L’homme a dû bloquer ses comptes sur les réseaux sociaux et sa messagerie. « Je recevais des messages de haine dès le lendemain (de l’émission) à partir du moment où ces éditorialistes m’ont pointé du doigt », fait-il savoir, expliquant que ce qui lui est reproché ce n’est pas tant d’avoir critiqué Boualem Sansal, mais d’avoir cité l’extrême-droite et d’avoir fait le lien entre le passé colonial de la France et la situation actuelle.
« C’est quelque chose qui est intolérable chez plein de gens », regrette le politologue franco-algérien qui a tenu un discours différent sur l’affaire Sansal et surtout contraire à celui de l’extrême droite.
Dans un entretien paru le 28 novembre dans Mediapart, Nedjib Sidi Moussa a analysé plus en profondeur le phénomène Boualem Sansal et Kamel Daoud, promus selon lui « de manière stratégique pour mener les guerres culturelles à la française ».
Tout en réitérant son refus de principe de l’emprisonnement de l’un des idéologues de l’extrême droite française, il a insisté sur le fait que le discours de Sansal « est tout sauf humaniste : il est raciste, colonialiste et réactionnaire ».

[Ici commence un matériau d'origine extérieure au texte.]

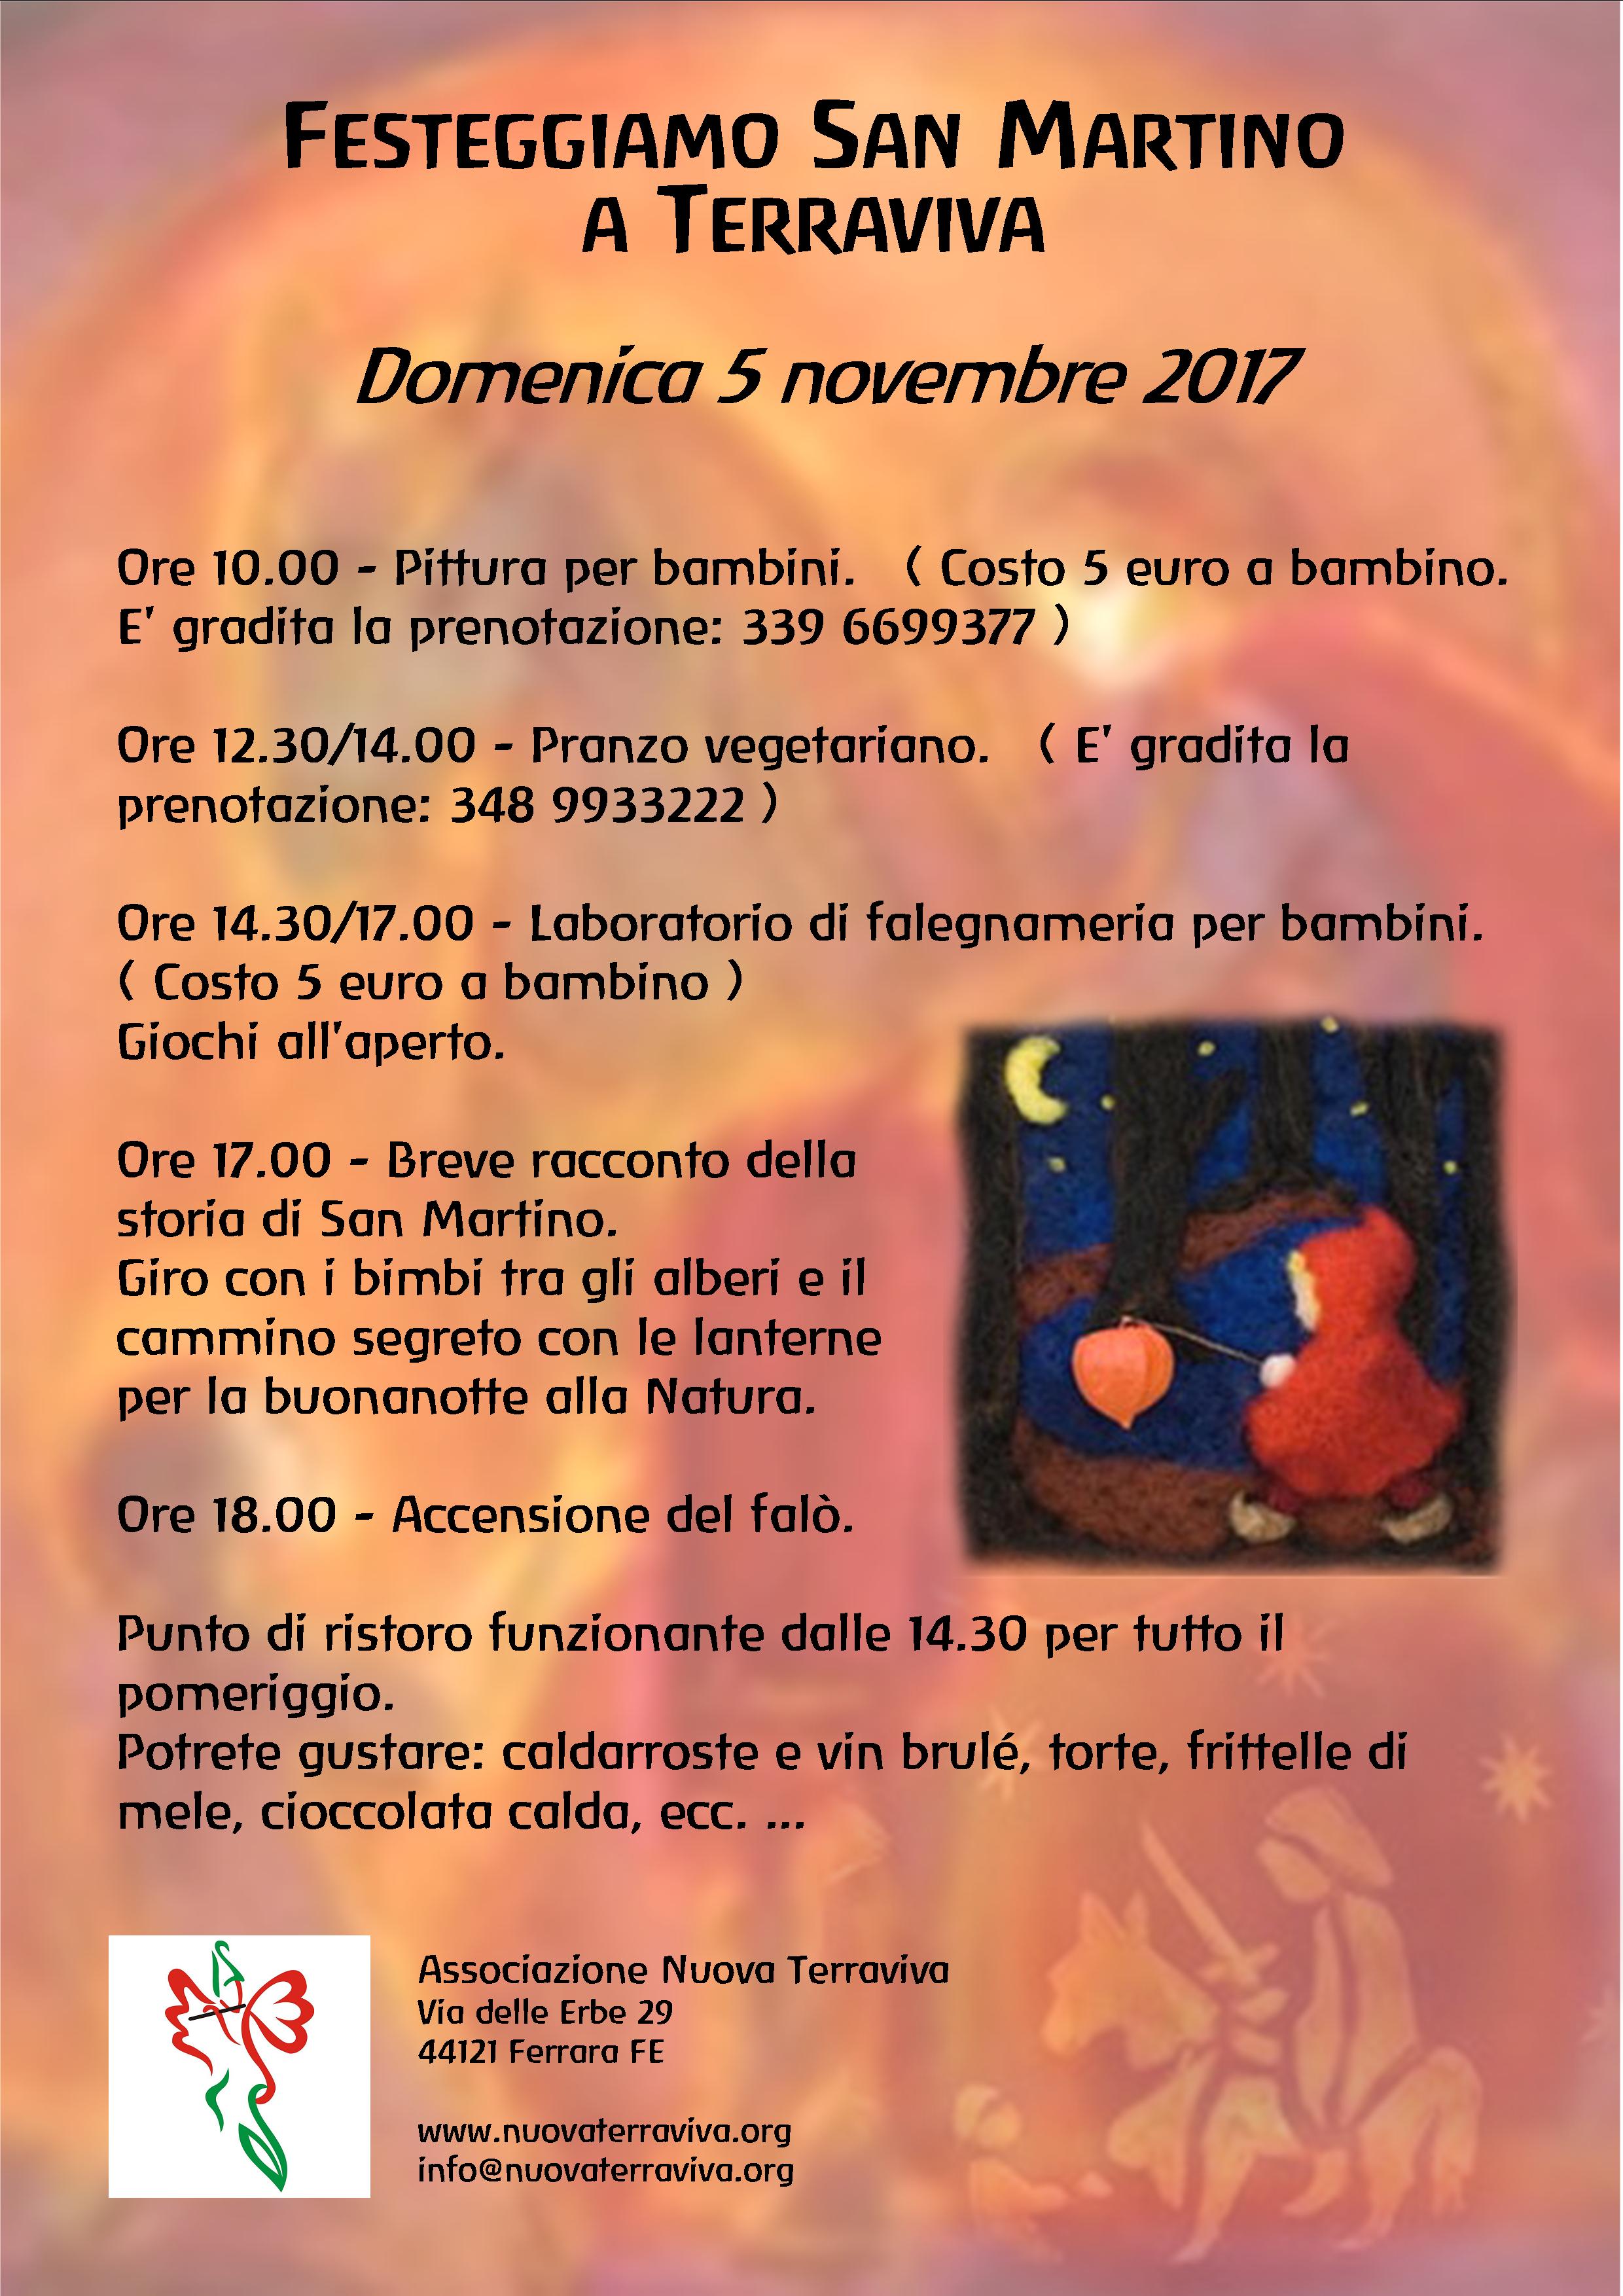 Festa di San Martino @ Associazione Nuova Terraviva | Ferrara | Emilia-Romagna | Italia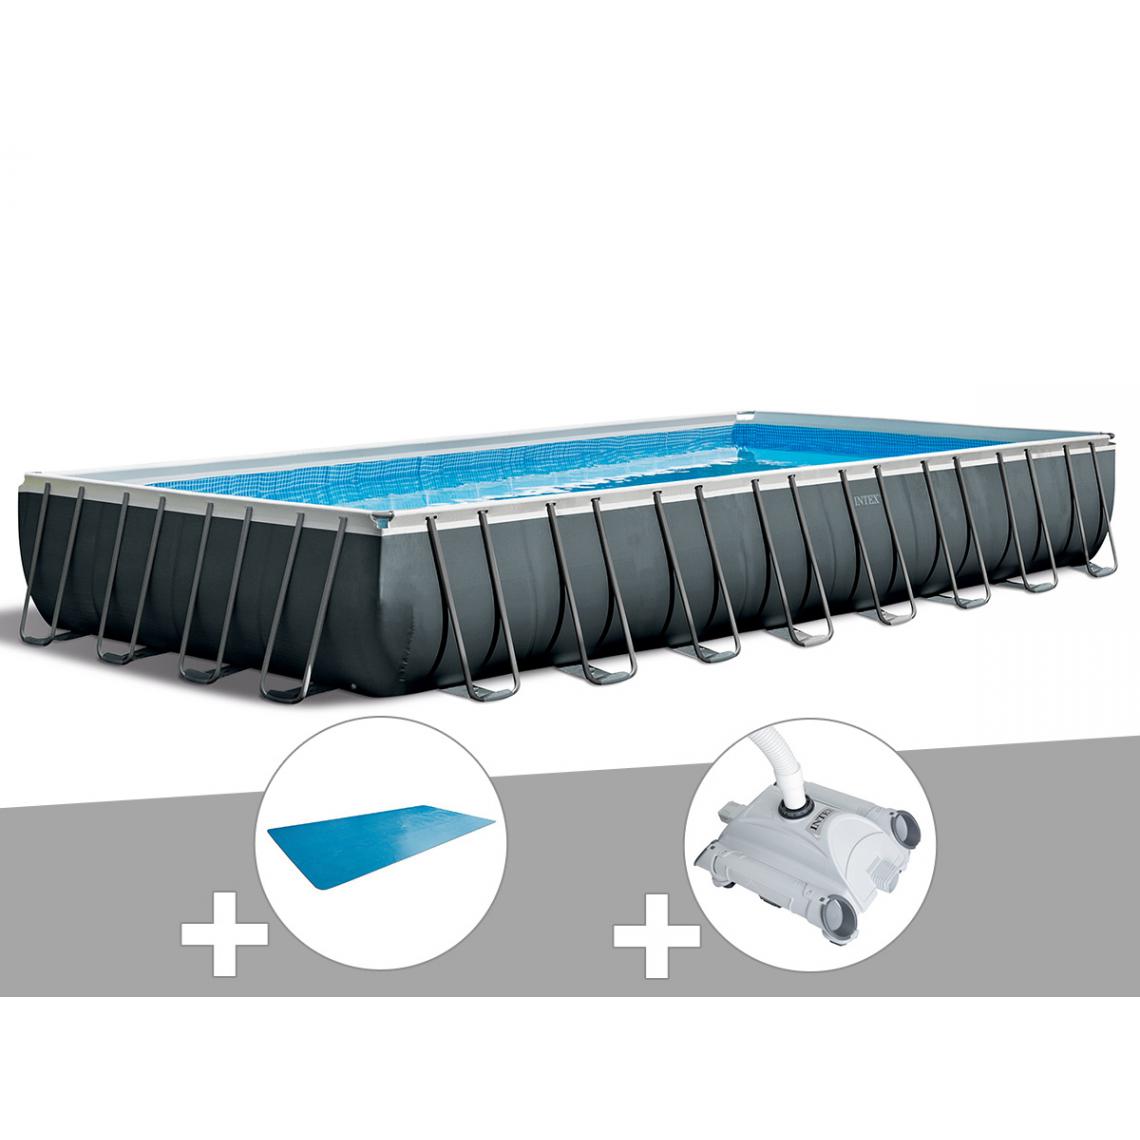 Intex - Kit piscine tubulaire Intex Ultra XTR Frame rectangulaire 9,75 x 4,88 x 1,32 m + Bâche à bulles + Robot nettoyeur - Piscine Tubulaire

Vive polémique en France autour du politologue franco-algérien Nedjib Sidi Moussa
Le politologue a été pendant plusieurs jours traîné dans la boue par l’extrême-droite et ses relais dans les médias et les réseaux sociaux qui l’ont accusé notamment d’être un islamiste, ce qui dénote une ignorance totale de ses œuvres.
Il est victime de ceux-là mêmes qui défendent Sansal au nom de la liberté d’expression. Ce qu’ils permettent à l’écrivain franco-algérien ne le tolèrent pas au politologue qui a les mêmes origines que Sansal, parce qu’il ne tient pas le même discours vis-à-vis de l’islam, des musulmans et de l’Algérie que celui de l’auteur de « 2084 : la fin du monde ».
L’attaque la plus virulente est venue du peintre et dessinateur proche de l’extrême-droite Xavier Gorce. « Il y a de l’égorgeur en puissance dans cet argumentaire », a-t-il écrit sur X à propos du passage de Nedjib Sidi Moussa sur France 5.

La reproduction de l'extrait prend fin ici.